¹ For information on biogas plant design and construction see Hauck (1978), McGarry (1977), Fry (1976), Taiganides (1980), McGarry and Stainforth (1978), Verougstraete, Nyns and Naveau (1985), NRC (1981a) and FAO (1984).

Figure 23. Main biochemical pathways during the anaerobic fermentation of organic wastes (Taiganides, 1980)

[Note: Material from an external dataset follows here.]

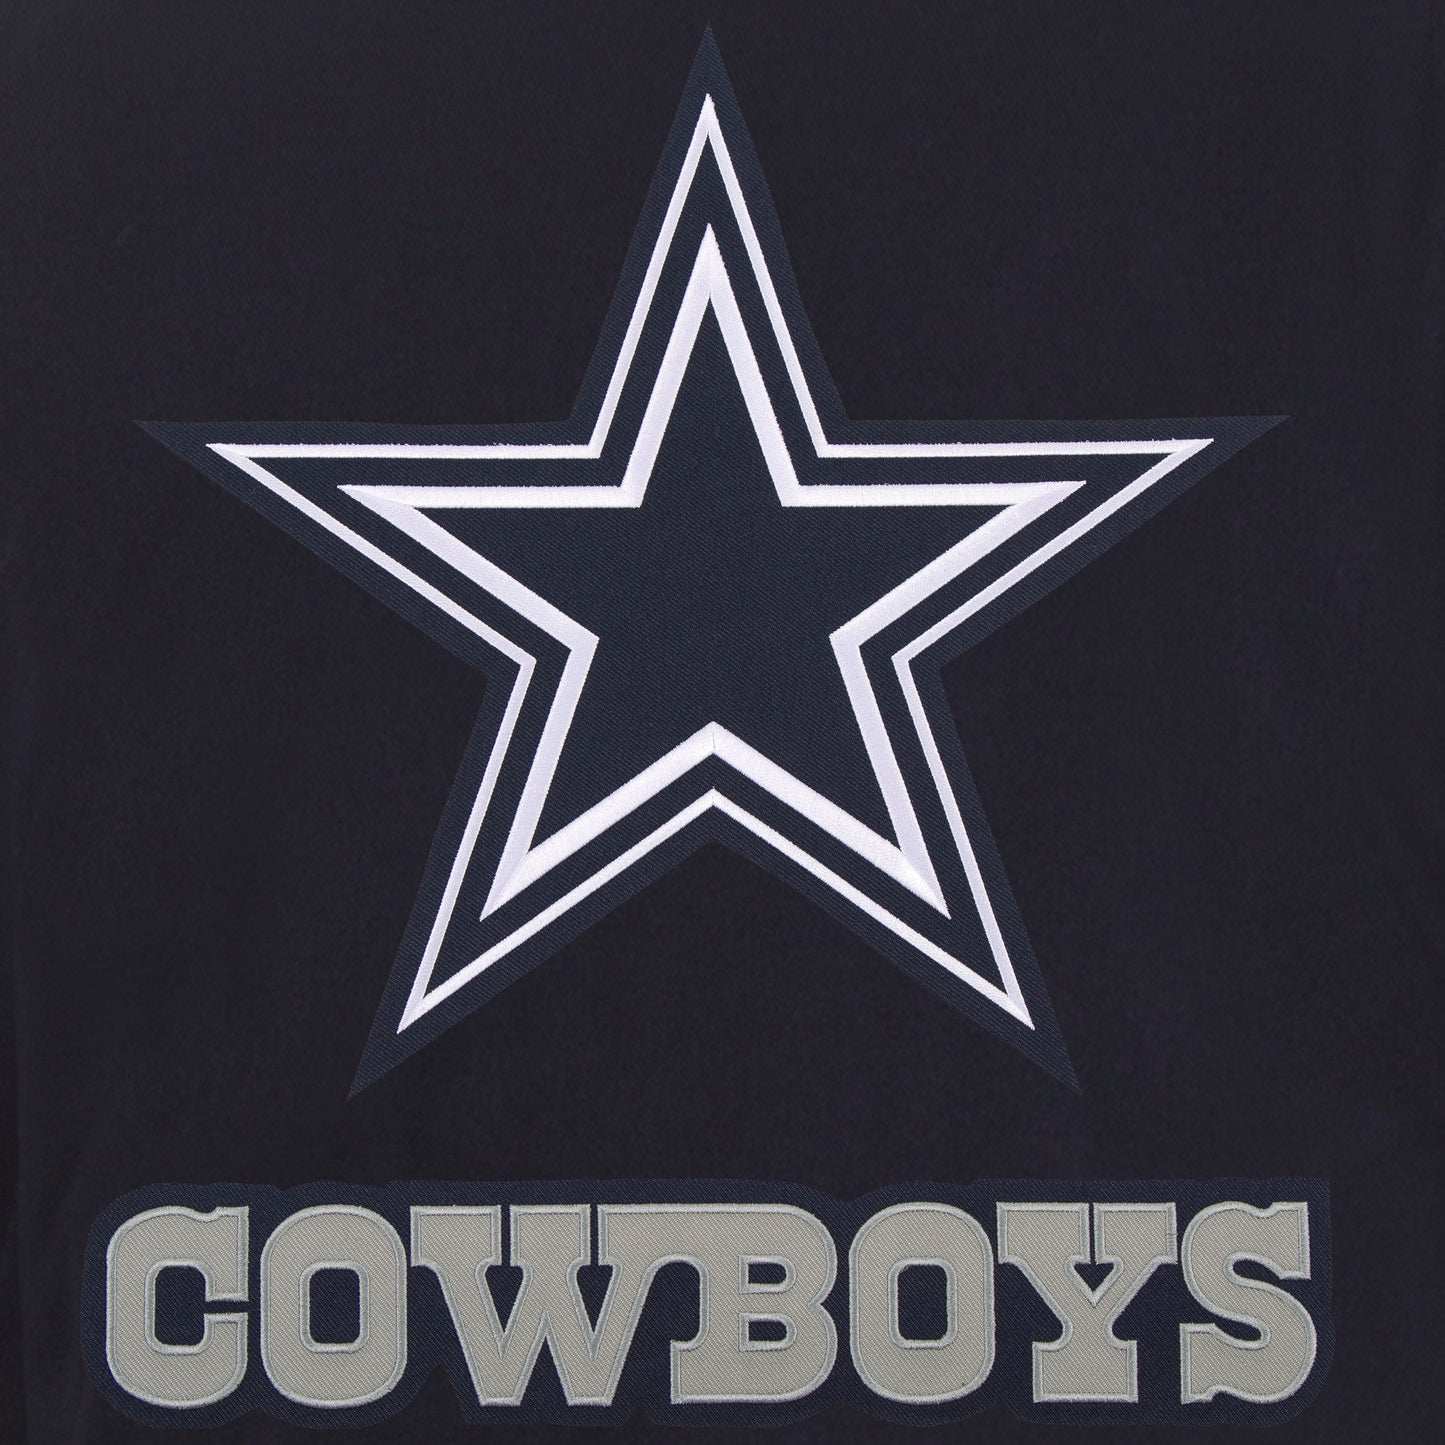 Dallas Cowboys Poly-Twill Jacket

Table 24. Optimal physico-chemical parameters for anaerobic fermentation and biogas production

In addition to the controlled fermentation of dilute waste streams within a biogas digester, wastes can also be fermented within anaerobic composting pits on agricultural land (Hauck, 1978) or directly within the fish pond (Schmidt and Vincke, 1981; Edwards, 1982; Vincke, 1985; Viveen et. al., 1985). The latter can be achieved by building a compost crib in the corner of the pond (1m crib radius, initially 1 crib/100m² pond water surface) and stacking the organic waste materials in alternating layers under the water surface (Figure 25). Waste materials can include chopped crop waste, spoiled fruit, grass cuttings, kitchen waste and animal manure. According to Vincke (1985) for a 100m² pond about 50–60kg of organic matter is required to start with (1m³ compost pile), followed by weekly doses of 8–10kg organic matter. In rural fish ponds in the Central African Republic fish yields of 1500kg/ha/year (T. nilotica) have been obtained using the above anaerobic composting technique (Schmidt and Vincke, 1981). The same authors also state that to collect, transport and pile the organic matter for composting a 100m² pond, a farmer may spend an average of 28 hours a year. In China, Delmendo (1980) reports that compost (anaerobically produced) is applied to fish ponds at levels ranging from 5 to over 10 tons/ha/year.

The value of composting at the rural or subsistence farming level is that it is simple to operate (requiring little training), requires only part-time labour inputs, and utilises locally available waste products at little or no cost to the farmer.

Figure 24. The ‘Biogas’ cycle in China (Hauck, 1978)

	Pit covered with mud and a 3–4cm water column to create anaerobic conditions
	1. Green manure (legumes) or water plants
	2. Silt or straw mixture
	3. Stable manure (pig)

Figure 25. Compost crib and anaerobic composting techniques.

1. Bamboo compost crib for a 100m² fish pond (FAO, 1979)
2. Compost crib filled with layers of grass alternating with fresh wastes such as kitchen offal (Viveen et al., 1985)
3. Green manure compost frame filled with green plant cuttings (2–4 frames/200m² pond; Edwards and Kaewpaitoon, 1984)
4. Chinese anaerobic composting pit (Hauck, 1978)

3.3 Supplementary diet feeding

In addition to the use of fertilizers for the production of natural food organisms within the water body, an external diet can also be fed as a ‘supplementary’ source of dietary nutrients for the cultured fish or shrimp; the dietary nutrient requirements of the farmed species being supplied by a combination of natural live food organisms and supplementary diet feeding. The relative importance of natural food organisms and supplementary feeds in the nutrition of fish and shrimp within extensive, semi-intensive and intensive pond culture systems is shown in Figure 26. The advantage of combining supplementary diet feeding with pond fertilization is that it permits the use of higher fish and shrimp stocking densities, facilitates faster fish and shrimp growth, and consequently results in higher fish and shrimp yields and crops over the growing season. For example, Sinha (1979) reports fish production (Indian carp/ Chinese carp polyculture) in ponds in India to be 1053kg/ha/year with no fertilizer or feed inputs, 1398–2303kg/ha/year with inorganic and organic fertilizer inputs (cowdung and 18:8:4 NPK fertilizer), 3314–4005kg/ha/year with supplementary feed inputs (1:1 mixture of rice or wheat bran and groundnut or mustard oilcake), and 4244–5506kg/ha/ year with both fertilizer and supplementary feed inputs.

Figure 26. The role of natural food organisms and artificial feeds in the nutrition of fish and shrimp within extensive, semi-intensive and intensive pond culture systems (Tacon, 1987)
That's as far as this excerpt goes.